The U.S. Supreme Court said on Feb. 10 that it will hear two environmental regulation cases next month after it rejected a Department of Justice (DOJ) request last week to halt them.
The DOJ had asked the court on Jan. 24 to put the Biden-era cases on hold because the department was considering changing its position on the cases following the inauguration of President Donald Trump on Jan. 20.
Position changes in high-profile court cases often take place when a new party assumes the presidency. After President Joe Biden was inaugurated in January 2021, the DOJ similarly changed its position on several court cases that were pending at the time.
Acting Solicitor General Sarah Harris, who is currently the Trump administration’s top lawyer at the Supreme Court, said in filings on Jan. 24 that the DOJ needs time to reevaluate the cases because a new president is in charge.
Harris had asked the court to halt all written briefing deadlines in the cases, which would suspend the processing of those cases indefinitely. After the court agrees to hear oral arguments in a case, it typically asks the litigants to file briefs outlining the arguments they intend to make.
In legal parlance, Harris filed motions to hold the briefing schedule in the cases in abeyance. In other words, she asked the court to suspend briefings until the Trump administration could decide how to proceed.
Oklahoma v. EPA and EPA v. Calumet Shreveport Refining both concern the federal Clean Air Act, which provides that challenges to “nationally applicable regulations” may “be filed only” in the U.S. Court of Appeals for the District of Columbia Circuit.
At issue is the EPA’s “good neighbor” rule, which targets states whose industries are said to be contributing to smog.
The Clean Air Act requires each state to adopt an implementation plan to comply with national standards, which the EPA then reviews. In 2023, the agency drafted its own rule after rejecting 23 states’ plans for meeting national ozone standards.
In February 2024, the U.S. Court of Appeals for the 10th Circuit determined that challenges to EPA disapproval of the state plans could be filed only in the D.C. Circuit.
The states said the regulation was illegal and costly, could lead to blackouts, and undermined the principles of the Clean Air Act, while the EPA said the rule was urgently needed to fight air pollution.
The EPA argued the case should be heard by the D.C. Circuit, but the U.S. Court of Appeals for the Fifth Circuit found in November 2023 that it—and not the D.C. Circuit—was the proper venue for that appeal.

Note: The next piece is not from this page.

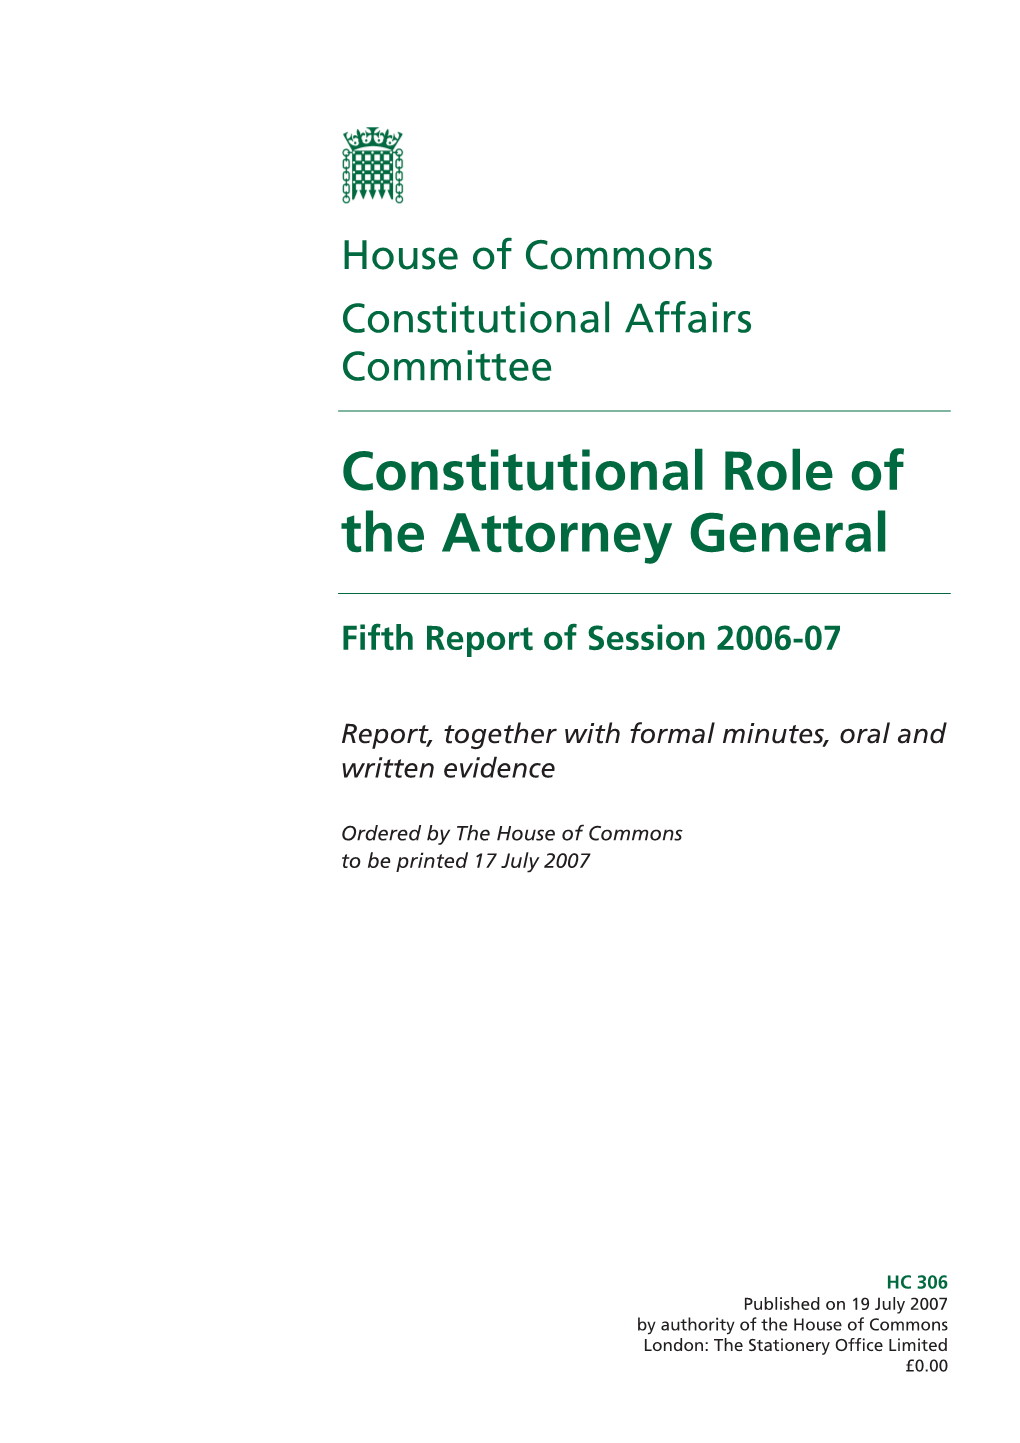 Constitutional Role of the Attorney General
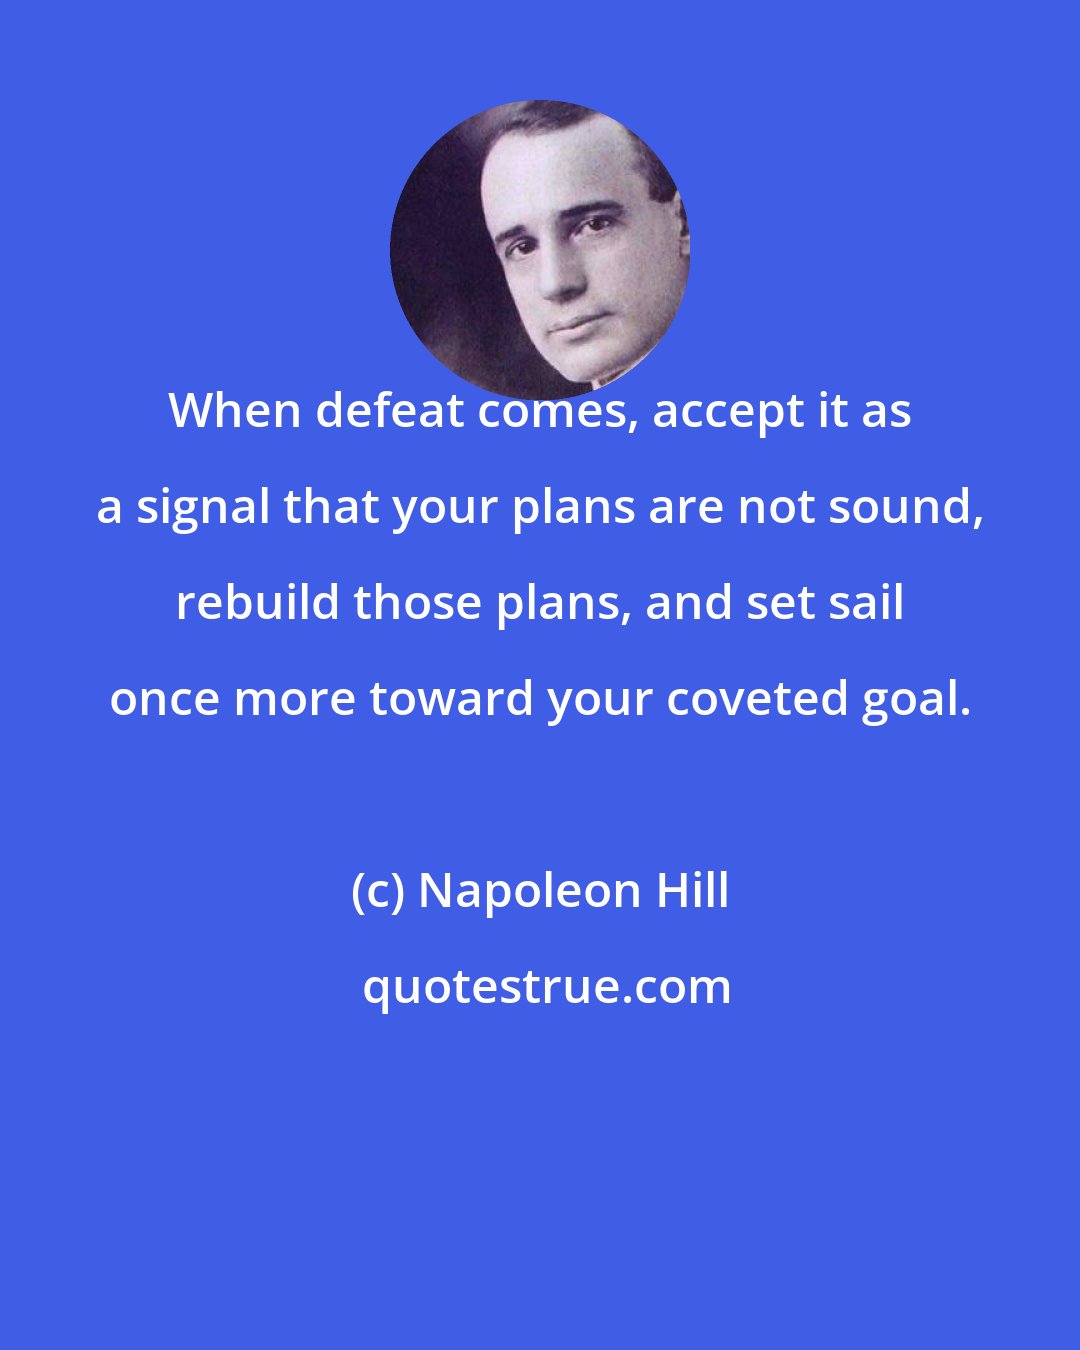 Napoleon Hill: When defeat comes, accept it as a signal that your plans are not sound, rebuild those plans, and set sail once more toward your coveted goal.

The Epoch Times reached out for comment to the DOJ, which represents the EPA; Calumet Shreveport Refining’s attorney, Michael Huston of Perkins Coie in Phoenix, Arizona; and Oklahoma’s attorney, Mithun Mansinghani of Lehotsky Keller Cohn in Oklahoma City, Oklahoma.
No replies were received by publication time.
The justices have not yet scheduled oral argument in the third EPA case that the court declined to halt after the DOJ asked for a pause.
A lower court ruled California had the authority to regulate tailpipe emissions. That court held that the energy companies bringing the legal action could not demonstrate they had legal standing to sue, meaning they couldn’t show a strong enough connection to the claim to justify their participation in the lawsuit.
California’s policy stances are influential, and several states have already adopted its regulatory framework for automobiles. California says its climate-related policies are needed to drive down demand for liquid fuel.
It is unclear when the justices will schedule a hearing in the case.
The Supreme Court’s calendar indicates no arguments have yet been scheduled for the period from April 21 to 30, which is the last period set aside for arguments that remain in the court’s current term that began in October 2024.